Artwork by Tarek Chemaly |
So Cannes 2022 got here – and went. Linkedin was exploding with congratulations. I actually, was invited to the annual Epica lunch however declined (contemplating I would like a visa to go to the toilet as a Lebanese, a lunch on the seashore in Cannes was means above what was logical to ask!).
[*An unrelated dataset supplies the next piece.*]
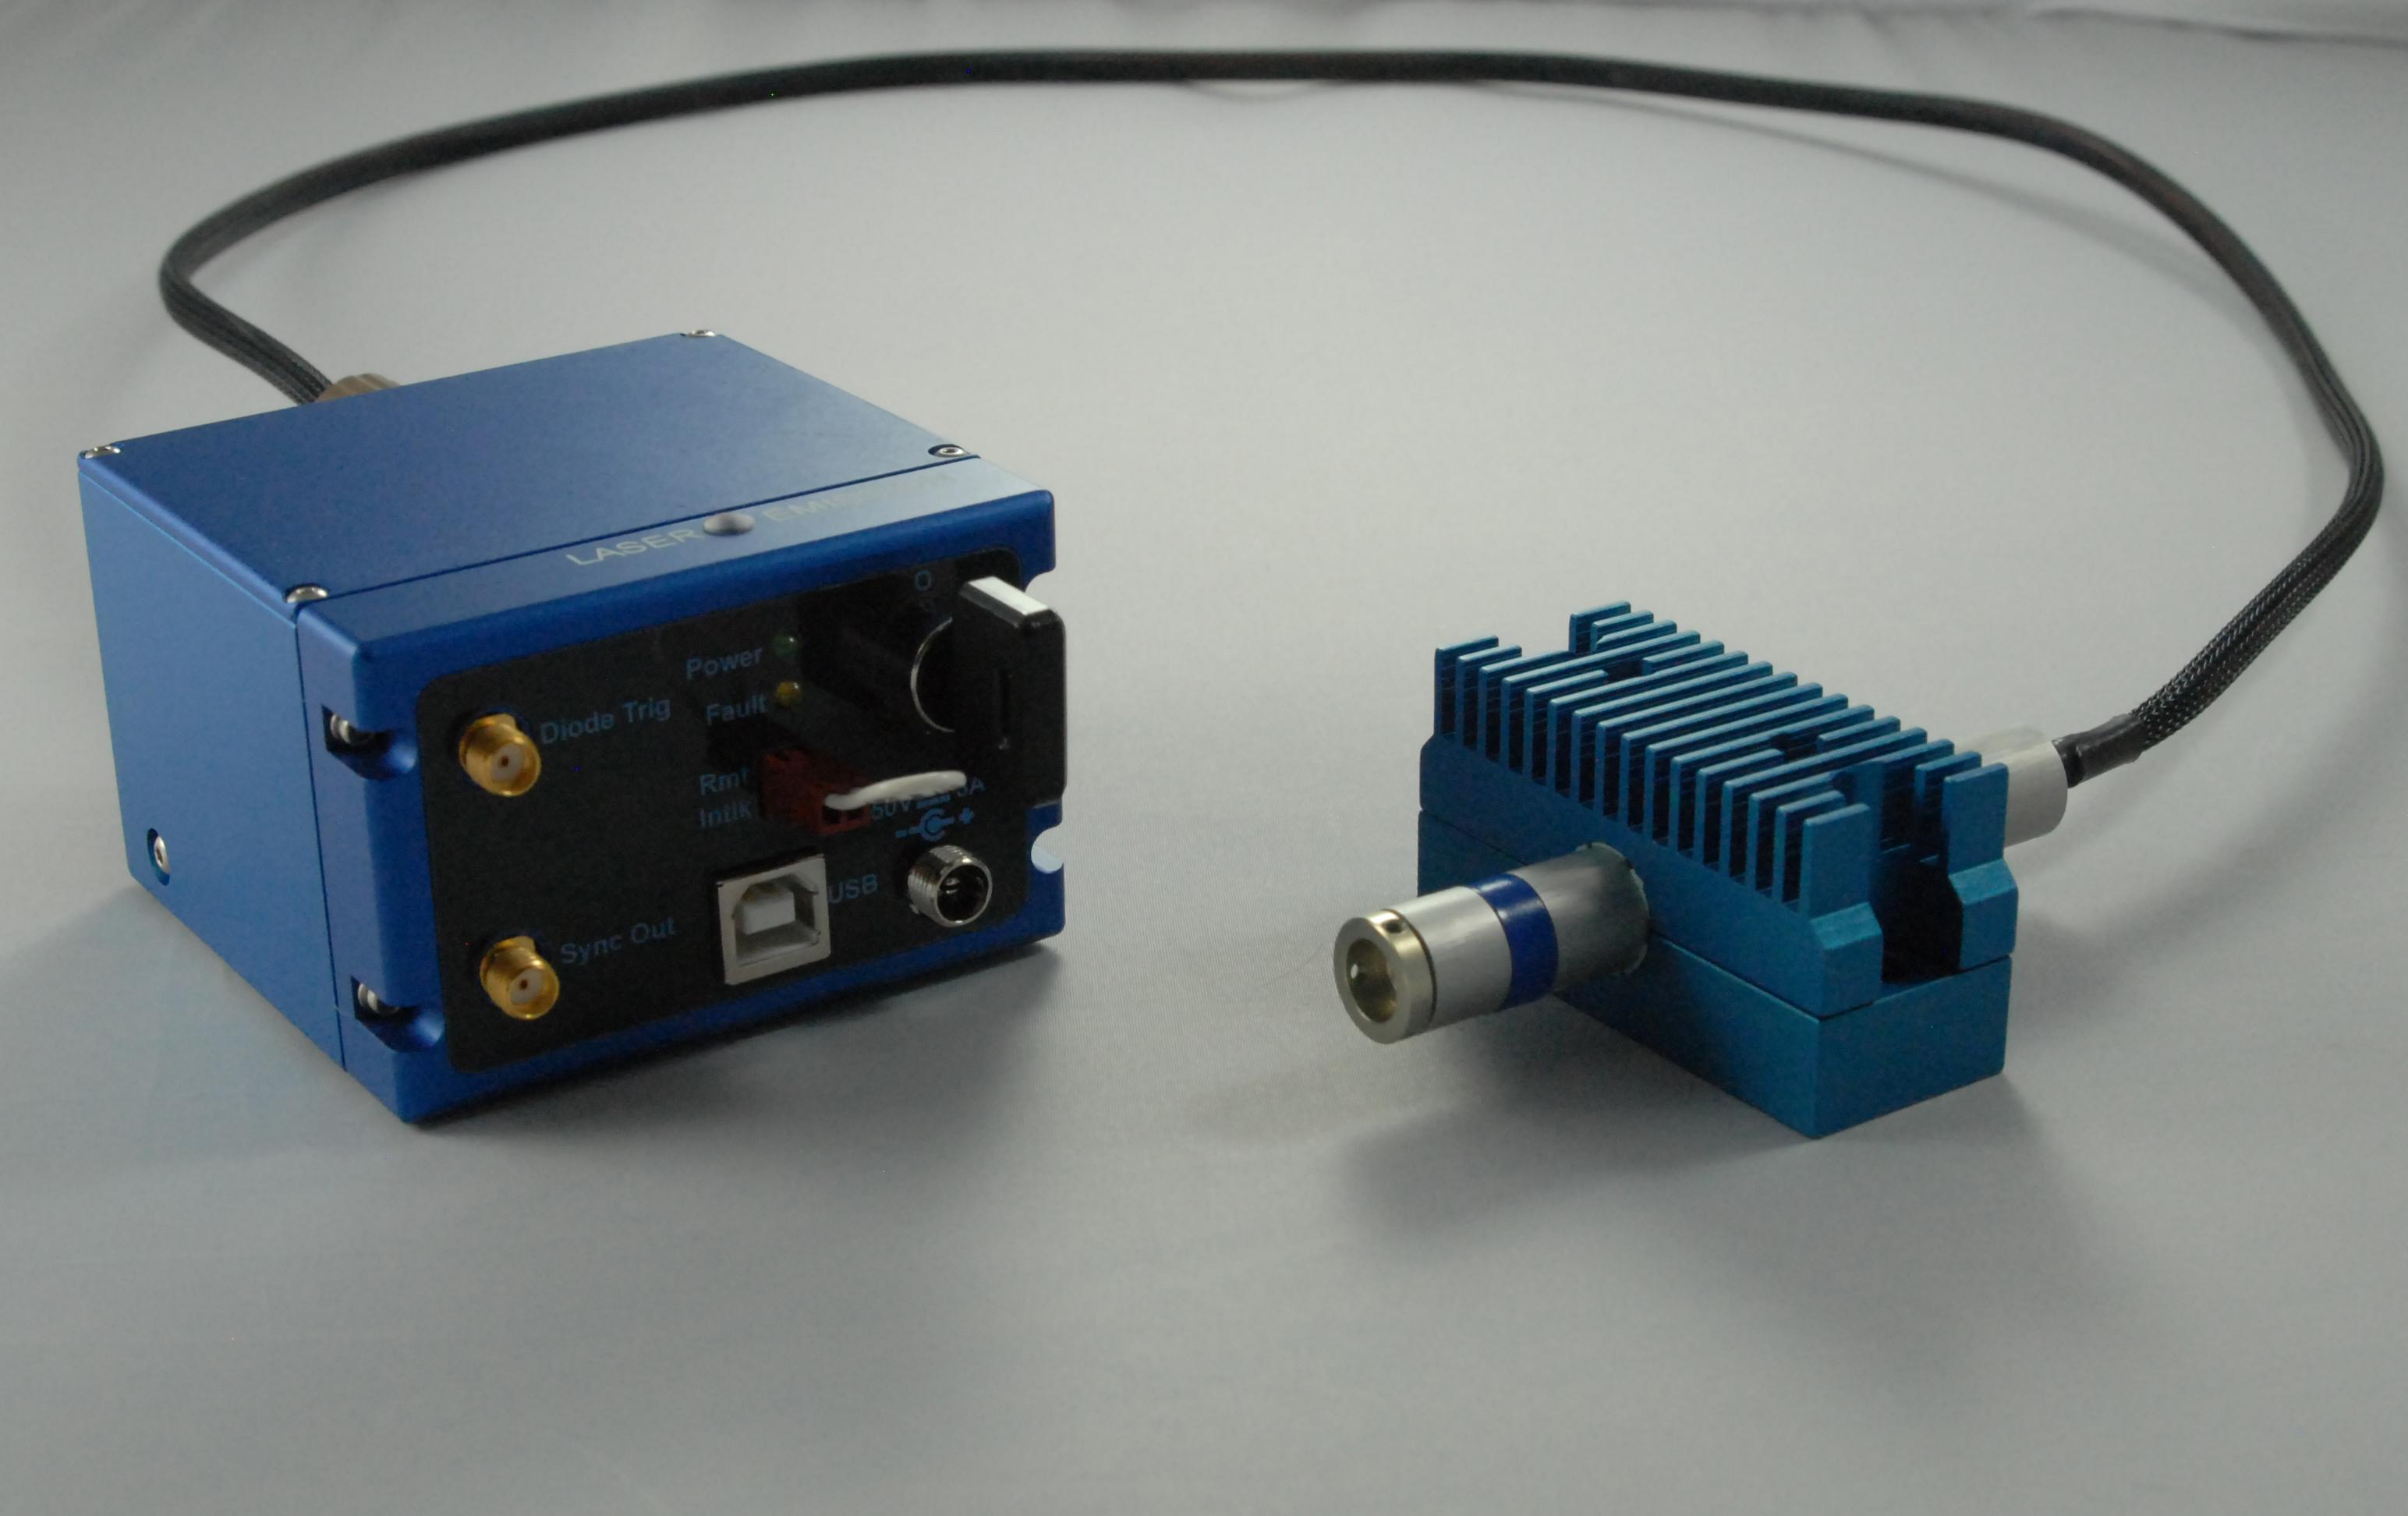 Microjewel-Laser-image-2

After all, everybody posted concerning the wins, congratulated the businesses, the groups and nobody mentioned something about those that misplaced. I acquired reminded of the Academy Awards which not says “and the winner is” however relatively “and the award goes to” as a result of supposedly all nominees are winners (yeah, proper).
Rachel from the sitcom Buddies put it eloquently when she mentioned “everybody I do know is both getting married or getting pregnant or getting promoted, and I am getting espresso! And it isn’t even for me!” – look, let me put it this manner: Do I’ve a Cannes Lions? No. Wouldn’t it be good if I had one? Properly, it will be on the company shelf – which most likely acquired smashed on the day of the August 2020 explosion in Beirut (however I digress). Do I’ve awards? Sure, I needed to break one in two once I was doing the most important cleansing (see right here) to slot in the trash bag.
To those that didn’t win at Cannes, fear not. It appears somebody did win up to now and returned his award anyway (howdy Gustav Martner) and another person auctioned an unetched award for the good thing about the victims of the Afghanistan earthquake at USD 10,000 (it was snapped instantly fortunately).
The purpose? The purpose is that somebody now owns a Cannes Lions award for no adverts in any respect however he has truly helped the victims of the Afghanistan quake. No adverts awards on this planet can carry such pleasure.